PolskaPluton już nie będzie planetą?

Pluton już nie będzie planetą?

Astronomowie zgromadzeni na międzynarodowej konferencji w Pradze chcą ostatecznie określić status Plutona. Od dawna dyskutuje się nad tym, czy to rzeczywiście planeta. Problem ma rozwiązać nowa definicja planety, opracowana przez międzynarodowy zespół ekspertów.

14.08.2006 18:15

Około trzech tysięcy astronomów i innych naukowców z całego świata zgromadzonych w Pradze zdecyduje, czy odkryty w 1930 r.

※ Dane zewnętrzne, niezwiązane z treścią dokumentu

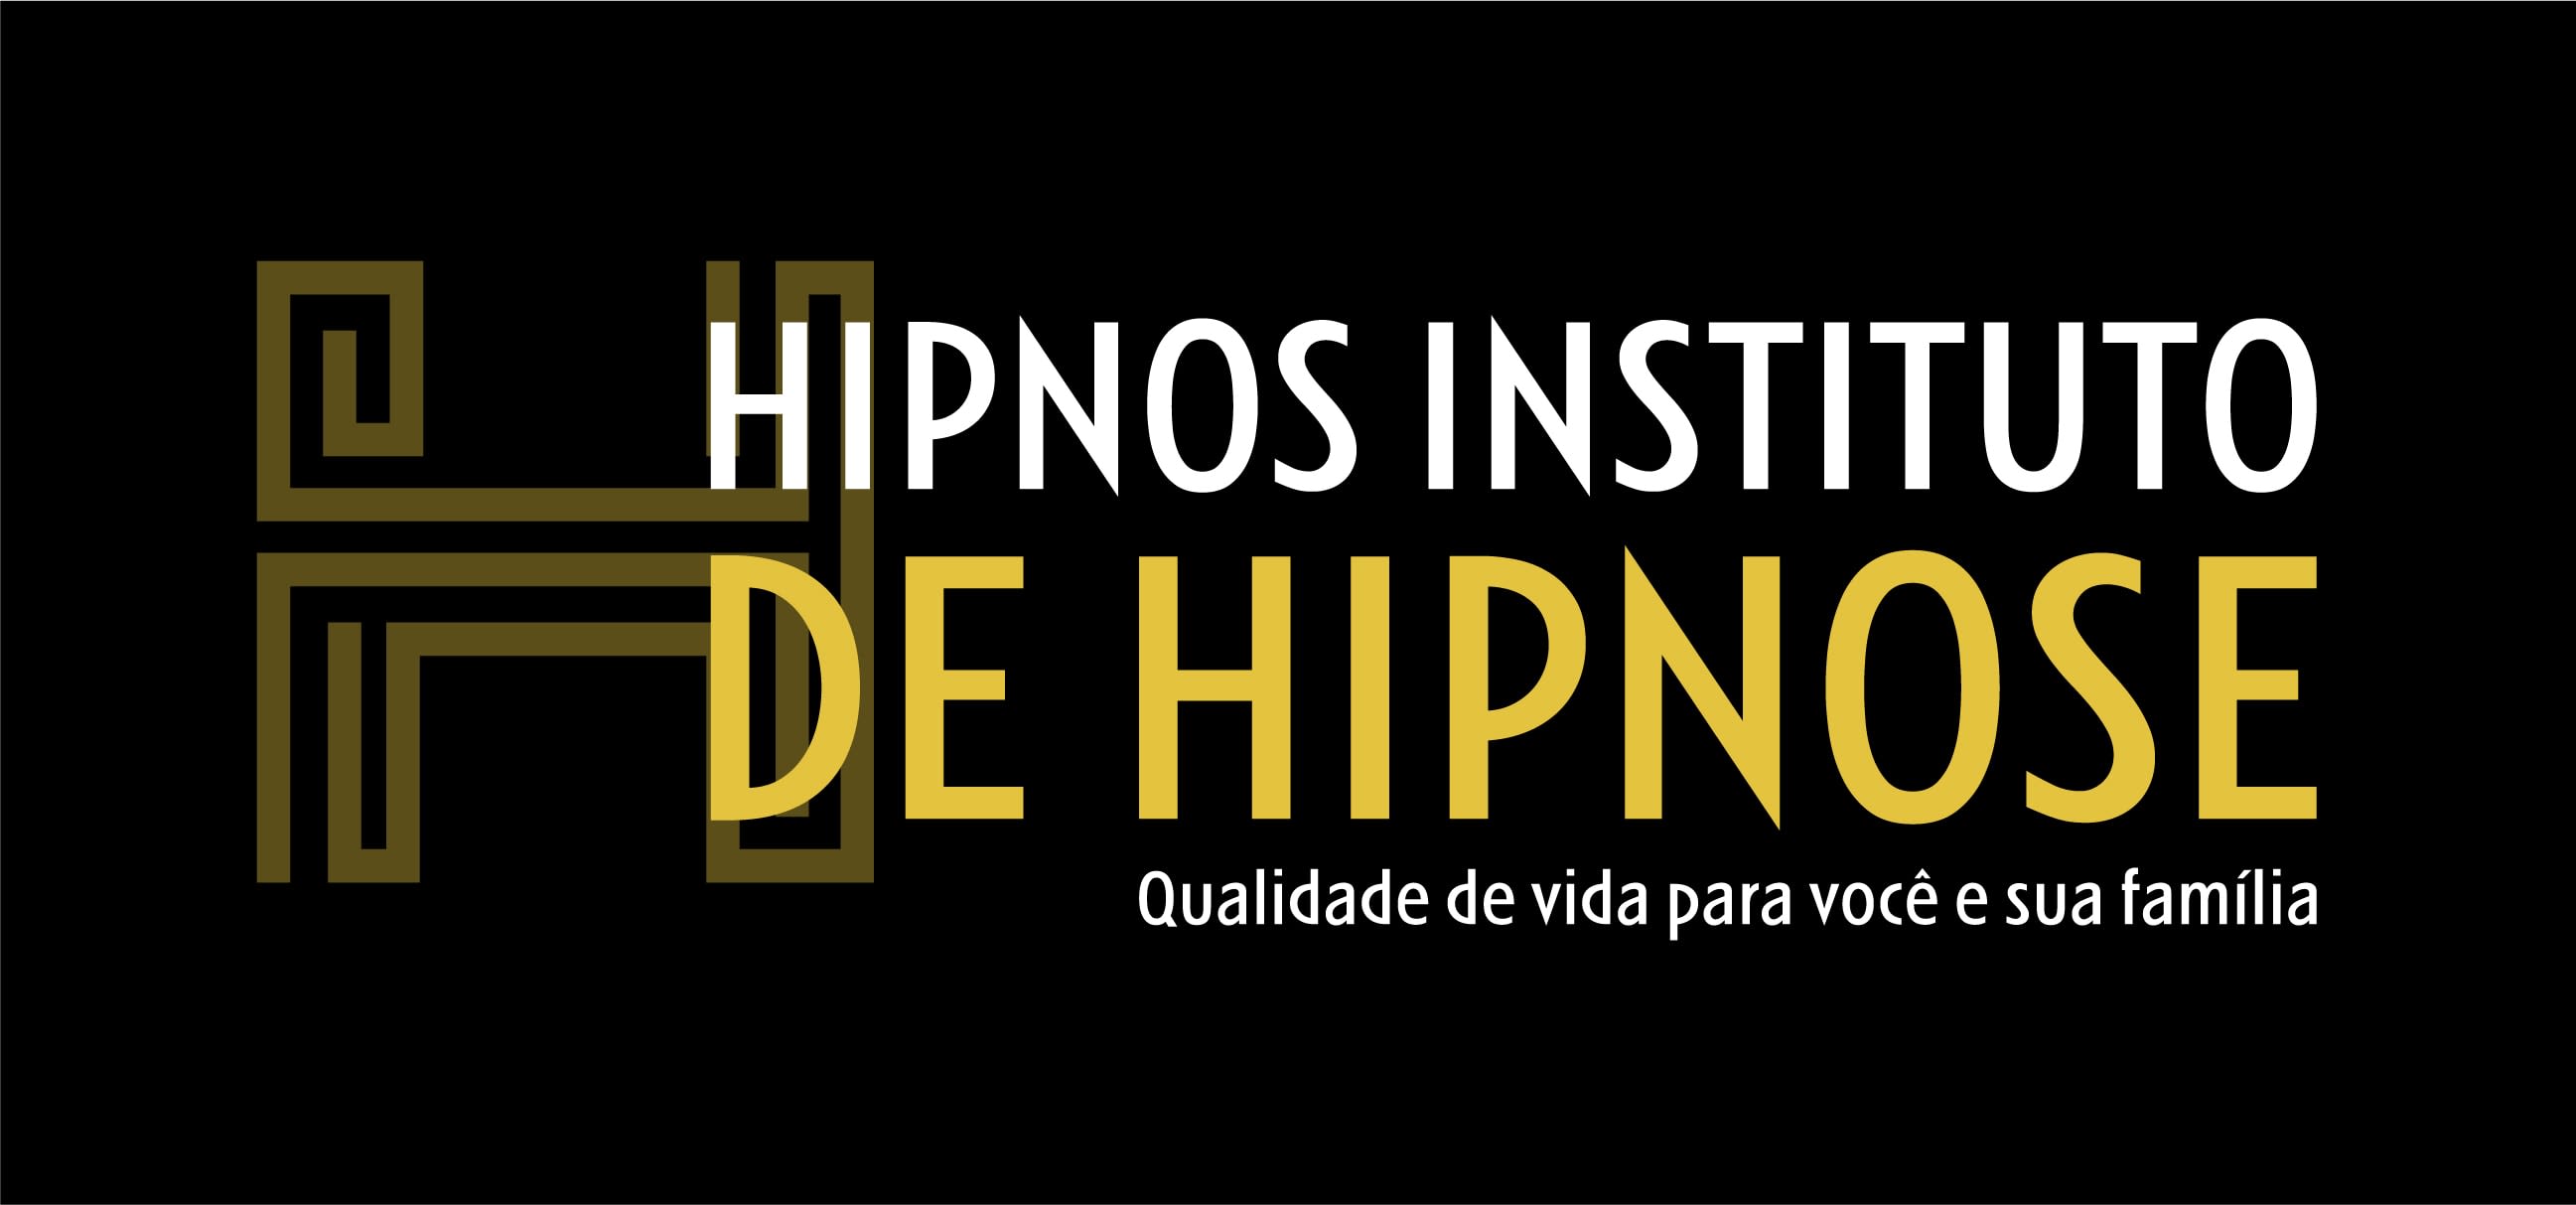 Hipnos Instituto de Hipnose

Pluton spełnia kryteria, odpowiednie do tego, by uznać go za planetę.

Definiując ostatecznie, czym jest planeta, Międzynarodowa Unia Astronomiczna (IAU) może być zmuszona do degradacji Plutona lub też do konsekwentnego "dołożenia" do zbioru planet kolejnych 14 ciał niebieskich.

Pluton jest wyraźnie odmienny od Jowisza, Saturna, Urana i Neptuna - podkreślał na spotkaniu emerytowany profesor astronomii i historii nauki z Uniwersytetu Harwarda, Owen Gingerich.

Debata nad tożsamością Plutona, obiektu o masie równej czterem setnym masy Ziemi, ciągnie się już dziesięciolecia. Nasiliła się w 2003 r., gdy astronomowie odkryli "dziesiątą planetę Układu Słonecznego", nazwana UB 313 (lub Xena). Jest to jedno z kilkunastu ciał niebieskich w Układzie Słonecznym, większych od Plutona.

Xena i Pluton to duże bryły lodu, krążące za Neptunem w tzw. Pasie Kuipera. Średnicę Xeny szacuje się na około 2.400 km - to około 5 proc. więcej od średnicy Plutona.

Gingerich przewodniczy komitetowi, który poproszono o ustalenie definicji planety i ogłoszenie wyników tej pracy na walnym zgromadzeniu IAU, które trwa od 14 do 25 sierpnia.

Od samego początku zgromadzenia emocje sięgają szczytu. Część naukowców apeluje do Gingericha, aby nie dopuścił do degradacji Plutona, bo pociągnie to niepotrzebne zmiany w podręcznikach fizyki i astronomii, a poza tym "wprowadzi chaos w nasze rozumienie Kosmosu". Są i tacy, którym podoba się idea zmian w obecnych poglądach na Wszechświat.

Na razie Gingerich nie zdradza wyników pracy swojego siedmioosobowego zespołu. Inni naukowcy spekulują, że może paść propozycja stworzenia nowej klasy planet, która objęłaby większe ciała niebieskie takie jak Xena i Pluton, ale którym wielkością daleko jest do "tradycyjnie" pojmowanych planet.